Releases: dcsil/PropertySense
FINAL PROJECT: Software MVP
Overview of This Release
This release delivers the FINAL PROJECT: Software MVP for our project, including the complete write-up, finalized product framing, MVP justification, CUJs, testing documentation, demo materials, and deployment instructions. Rather than adding new features, this release focused on synthesizing all development work into a clear, evaluable final report that demonstrates how the MVP meets the course requirements. The submission includes a fully structured Product Overview (TL;DR, JTBD, CUJs), a detailed MVP Development Justification outlining our hypotheses and pivots, a breakdown of functional vs. static components, documentation of our test coverage and CI setup, the final demo recording and supporting write-up, deployment steps, and the final architecture diagram with code references. All required artifacts have been consolidated into the Final Submission Report to give the teaching team an easy way to evaluate the technical and product decisions behind our MVP.
Key Links
- Final Report: Final Submission Report Write-Up
- Demo Video: MVP Demo
Code Changes and Issue Summary
This release includes the final set of code updates required to complete the MVP and align the implementation with the final submission report. The work primarily focused on stabilizing core flows, finalizing dynamic CUJs, improving reliability, and polishing the user experience for the demo. Below is a summary of the issues addressed in this release.
Closed Issues:
- #119 Offer View
- #116 Detection and AI Integration
- #104 Complete Unit Testing
- #107 Complete Integration Testing
- #108 Fix Integration
- #109 Add New Integration
Milestone Progress
The issues closed in this release contributed to completing the final milestone 4 for the course project.
Assignment 9: General Functionality and Future Scope
Overview of this release:
This release consists of user research and changes made towards user registration, geocoding and homeowner listing management to progress JTBD 1: repair listing for homeowners. Specifically, we set up the data layer for the listing layer, creating a new collection and wrote relevant rules for user access in firstore, added widgets for the homeowner homepage, listing creation, listing view, and detail view. In addition, the registration and user creation flow was completed + qol changes such as email verification. Plus, architectural changes such as use of GoRouter, custom ML module and backend including model fine tuning and dataset loading. Also, the user research conducted has validated our core features and directly informed our prioritization of the contractor verification system and AI cost estimation.
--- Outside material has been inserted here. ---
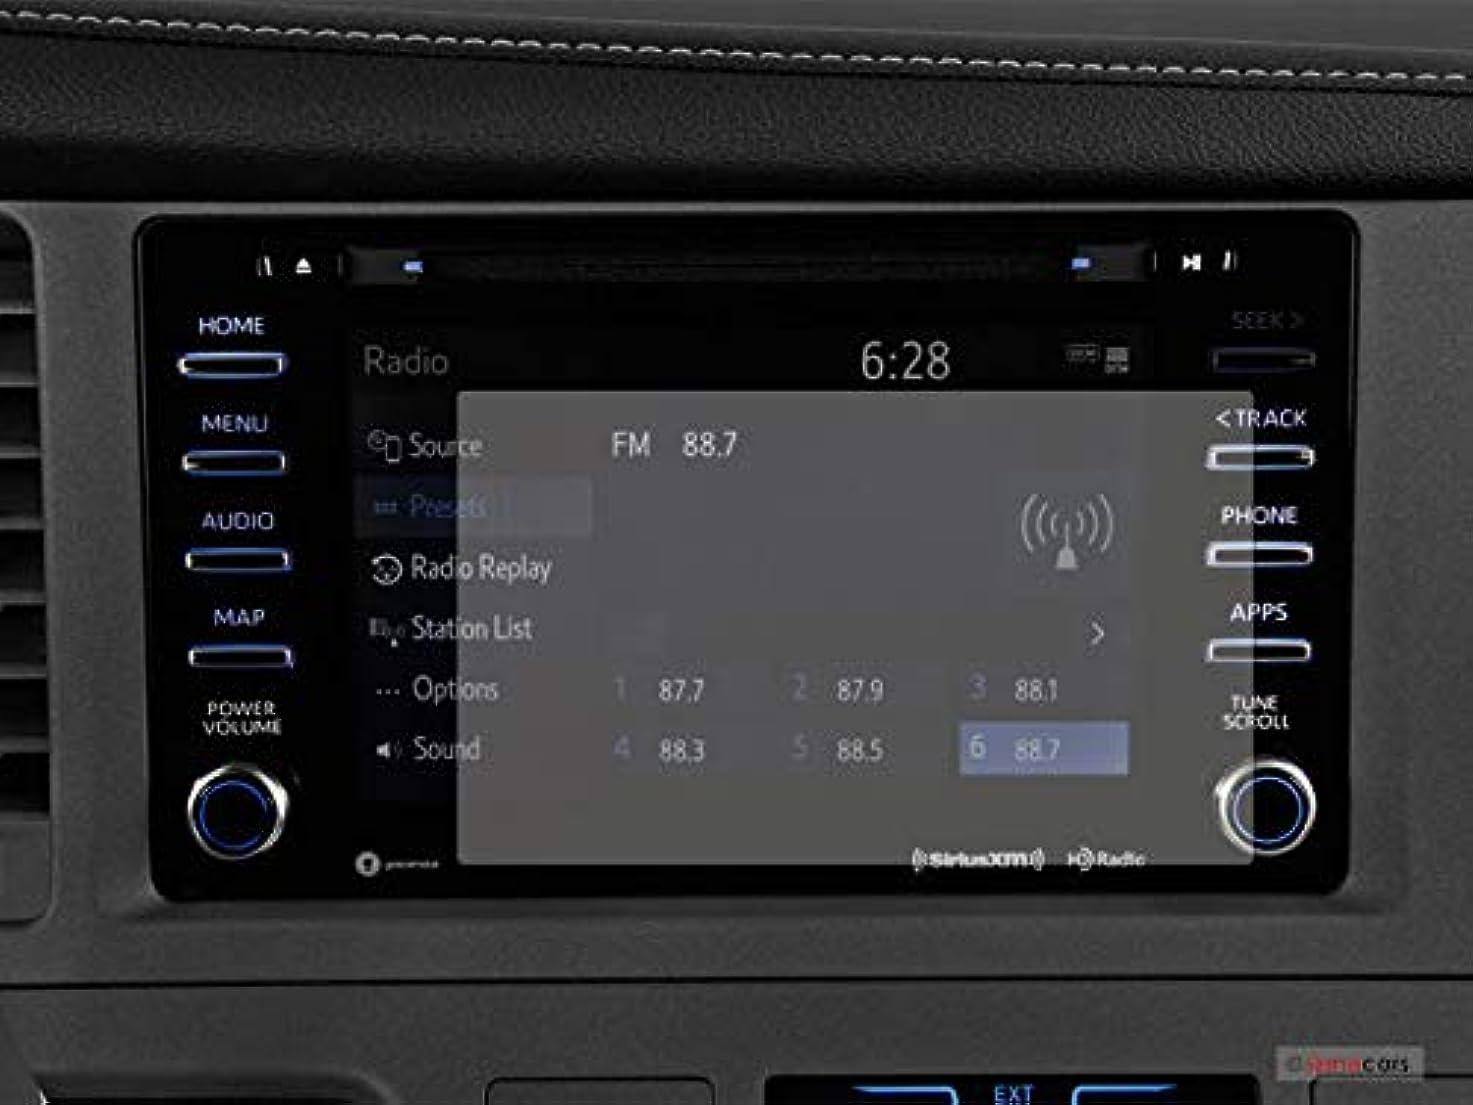 ルビー予測刺すPcProfessional スクリーンプロテクター (2枚セット) 2019 トヨタ RAV4 CH-R CHR カローラ ハッチバック シエナ 8インチ Entune インフォテーション タッチスクリーン ディスプレイ 高解像度 傷防止 フィルター UV

Changes To Roadmap and Use Cases
In this release, we made significant progress towards JTBD 3, focusing on allowing contractors to easily find jobs relevant to their preferences based on their expertise and location. We’ve also conducted live user testing to understand UI/UX tendencies and pain points. Based on our user research findings, we’ve created new issues post milestone 4.
Changes to Architecture
We have added 2 new dart packages location which serves as an abstraction layer for us to call low-level location APIs provided by IOS and Android, which we need to conditionally show listings near contractors based on their current location and preferences and flutter_card_swiper for the contractor swipe view for listings.
We have also added new firestore rules for contractors to make offers for specific listings. A relevant architectural decision is that we’ve decided to add all offers underneath the specific listing collection rather than have a flat offers collection to store all offers made for all listings.
E.g. an offer for some listing will be in firestoreDB: listings/{listingID}/offers/{offerID}
We have added a backend part separate from the flutter app that handles the YOLO model training and data loading. The fine-tuned model is converted to TensorFlowLite format to be deployed to the flutter app for inference. We have also added the repair cost estimate for each type of defect detected in the images the user takes, and a new screen to display the AI analysis report. We have done some research into the price range of repairs for each defect class we have in our dataset, and put that into the app for fast price estimation.
Issues Summary
- Closed: We closed several issues related to listing creation, listing views, listing details views, in addition to firestore read/write rules, and additional logic for registration and user verification.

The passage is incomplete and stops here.